### [Information supplied]
════════

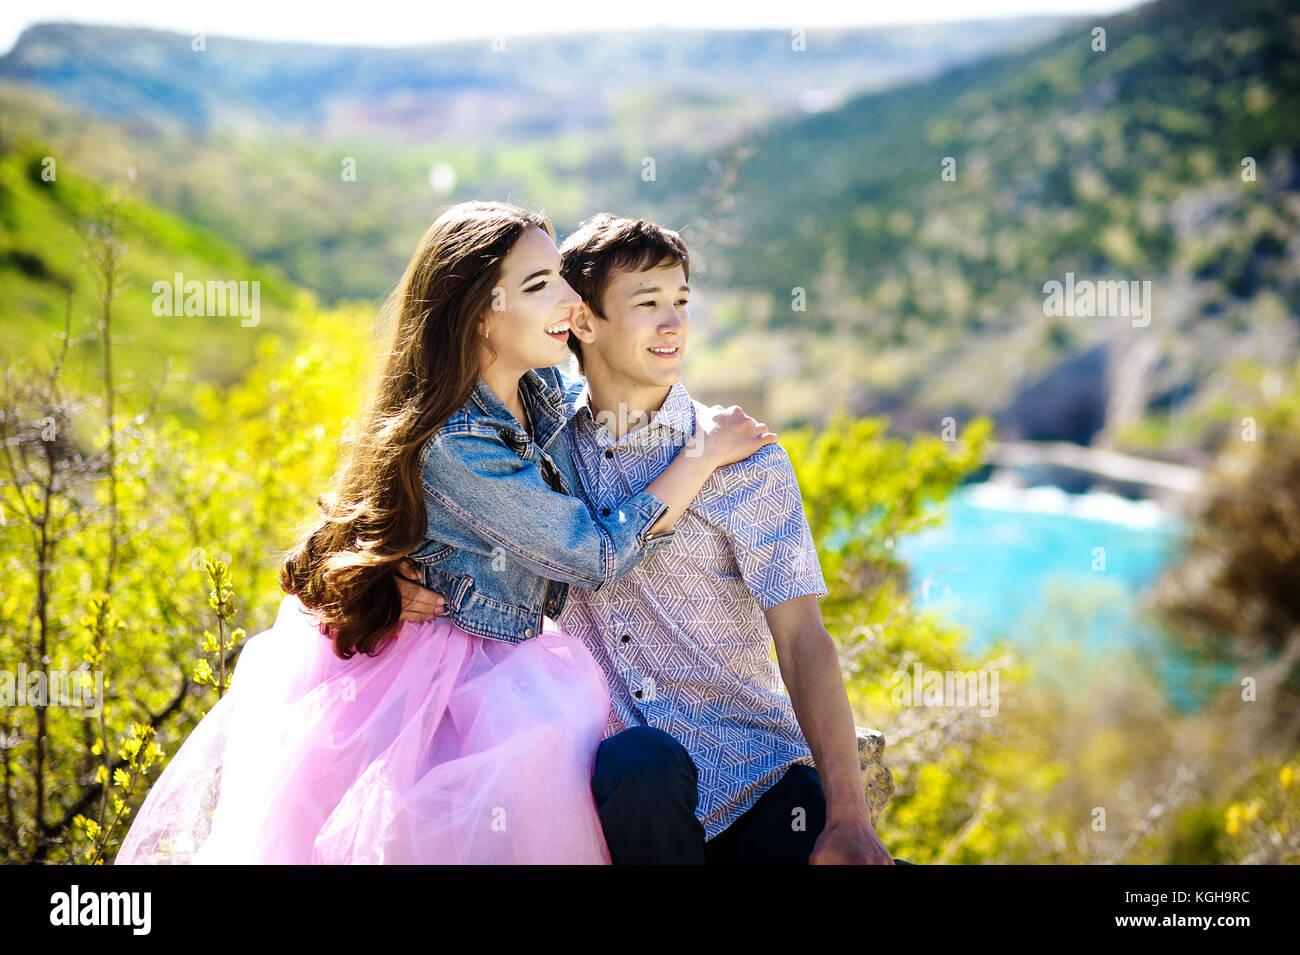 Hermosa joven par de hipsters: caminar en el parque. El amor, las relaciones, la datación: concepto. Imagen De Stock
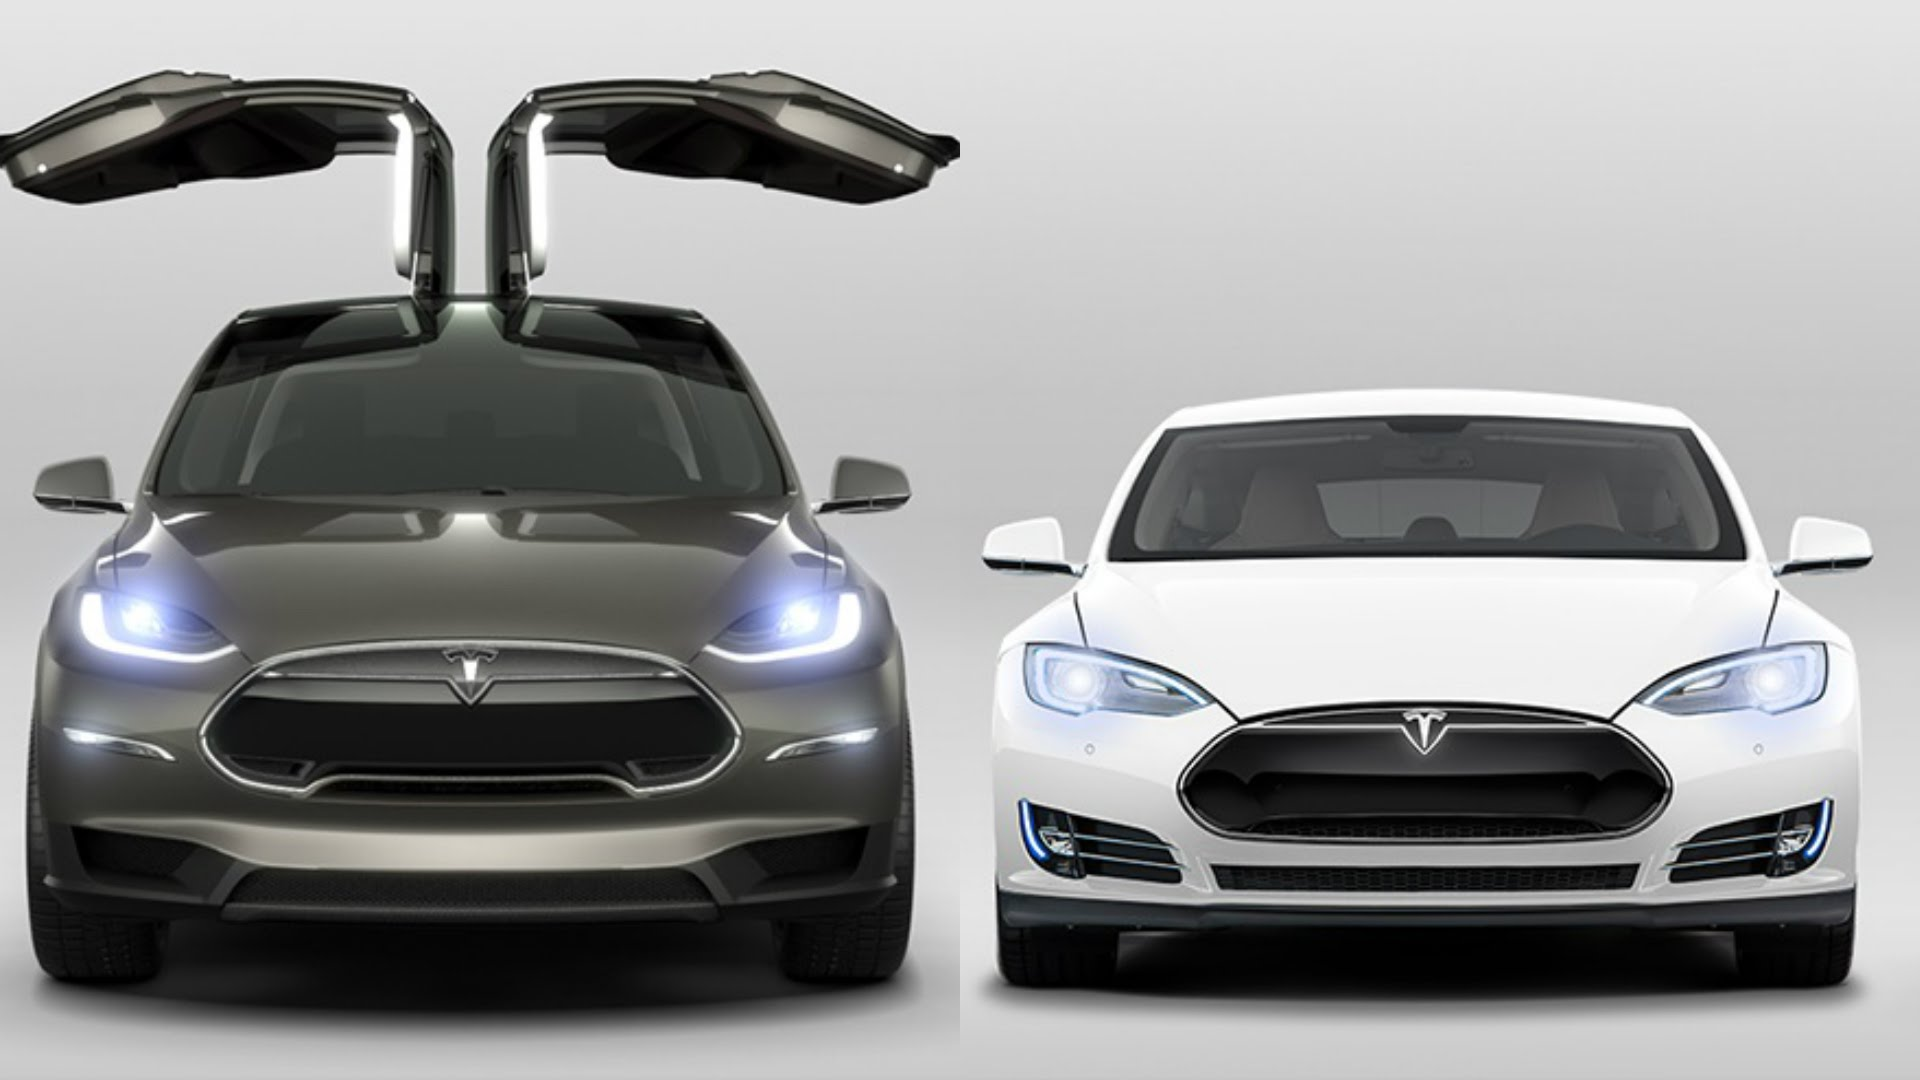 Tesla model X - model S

════════

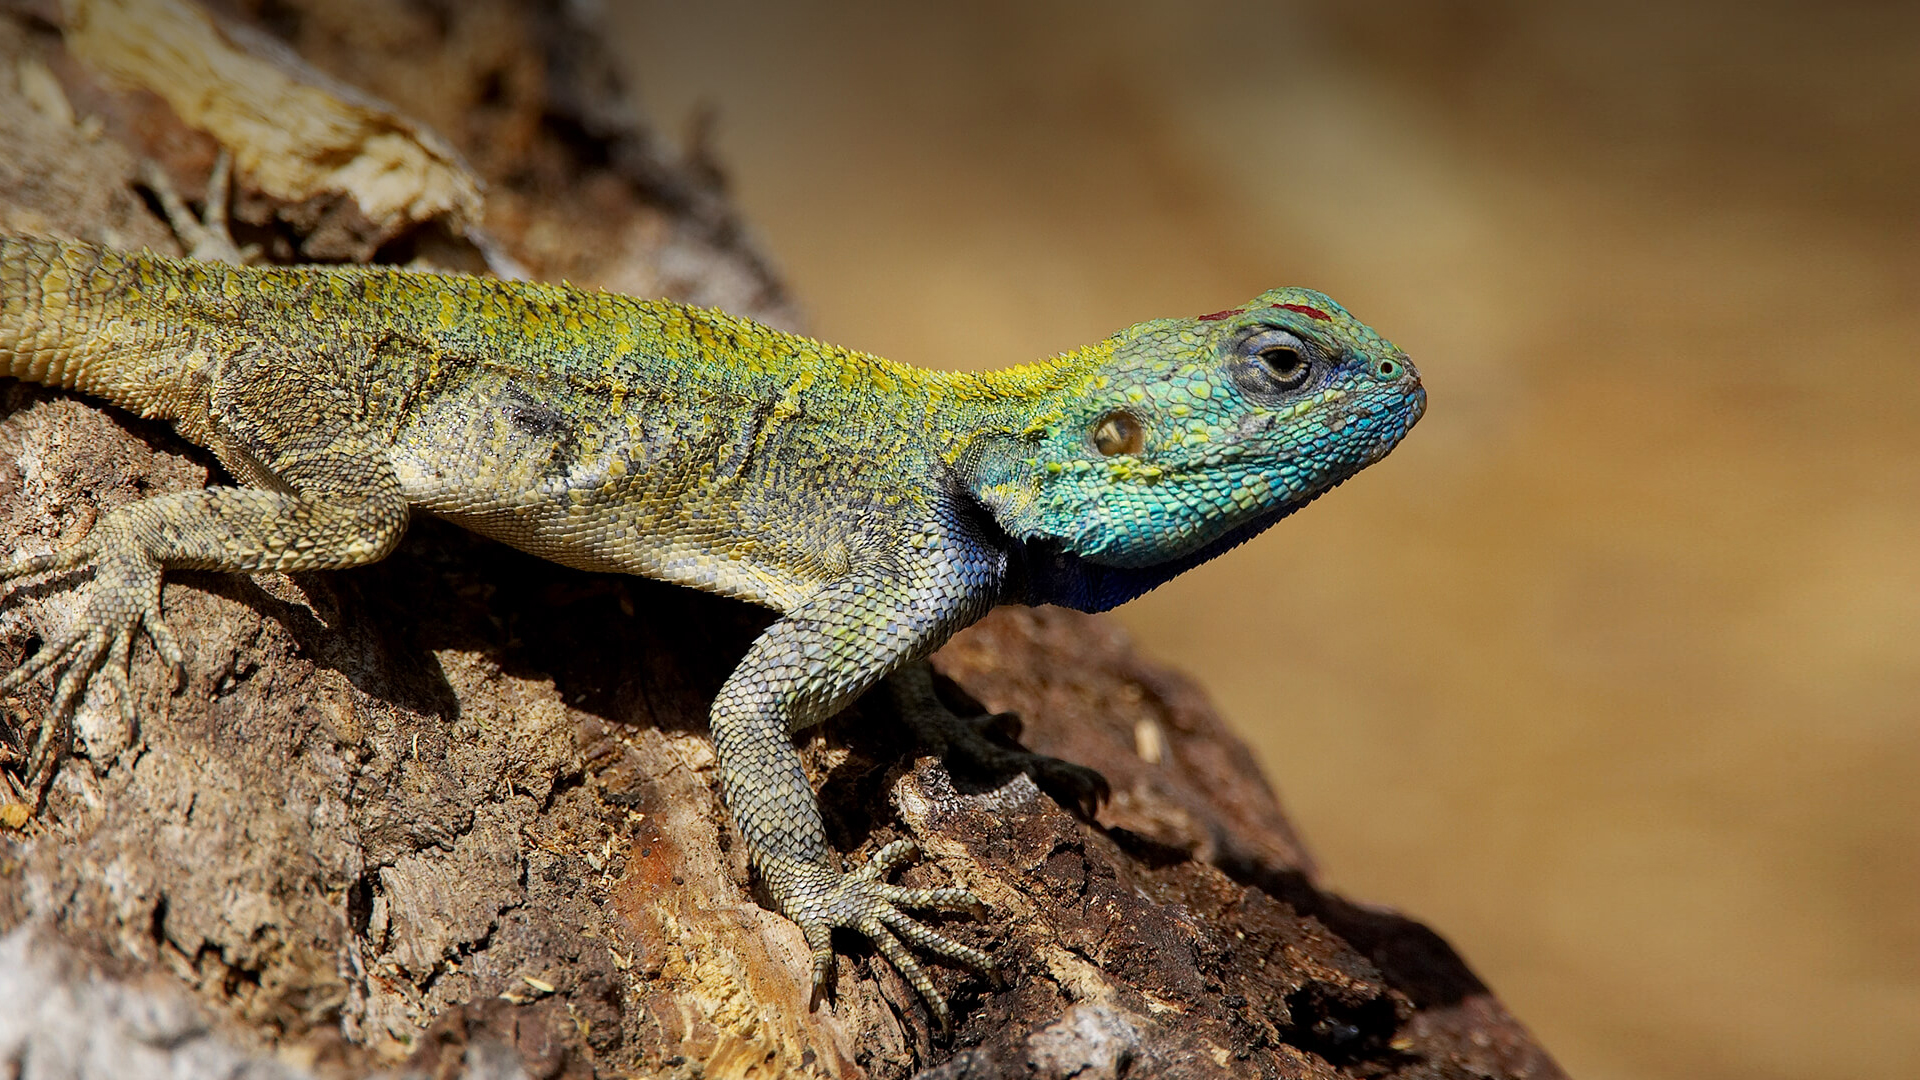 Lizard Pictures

════════

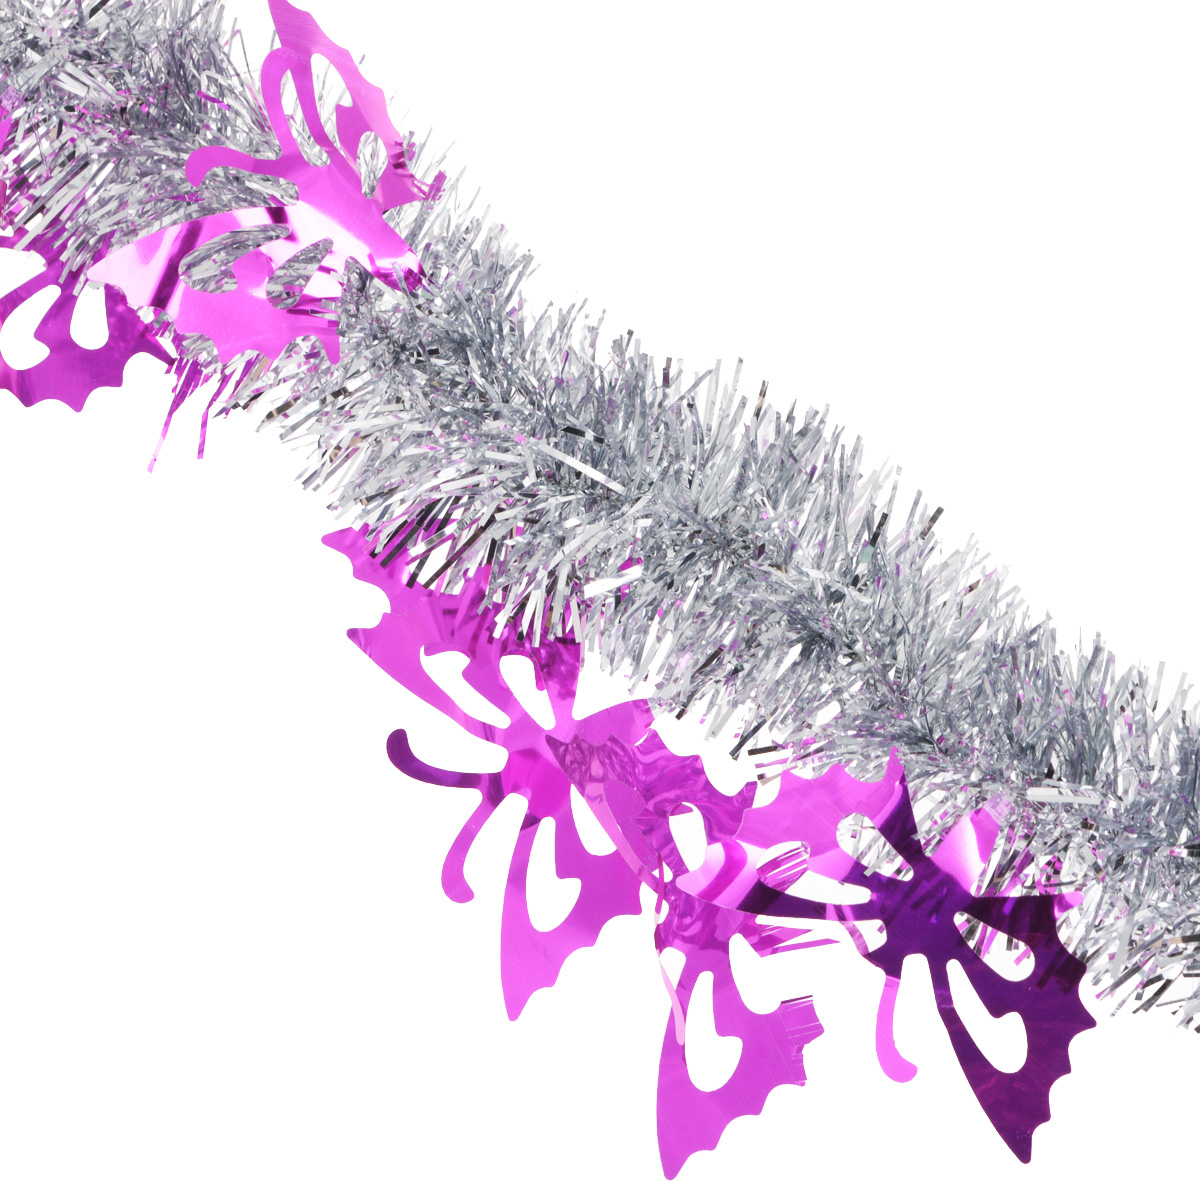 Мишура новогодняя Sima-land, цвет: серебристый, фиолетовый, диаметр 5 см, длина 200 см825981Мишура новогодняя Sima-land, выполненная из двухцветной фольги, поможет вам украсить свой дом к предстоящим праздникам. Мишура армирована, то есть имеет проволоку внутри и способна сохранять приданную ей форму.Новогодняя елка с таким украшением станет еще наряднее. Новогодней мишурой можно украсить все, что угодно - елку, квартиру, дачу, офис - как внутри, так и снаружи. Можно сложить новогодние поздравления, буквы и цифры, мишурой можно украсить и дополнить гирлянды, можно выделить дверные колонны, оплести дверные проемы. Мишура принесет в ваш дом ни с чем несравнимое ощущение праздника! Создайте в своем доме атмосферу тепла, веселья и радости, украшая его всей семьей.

════════

Above are some entries; copy exactly the lines from the line with "Hermosa joven par" through the line with "Tesla model X - model S", both included, but none of the pictures.

 Hermosa joven par de hipsters: caminar en el parque. El amor, las relaciones, la datación: concepto. Imagen De Stock
 Tesla model X - model S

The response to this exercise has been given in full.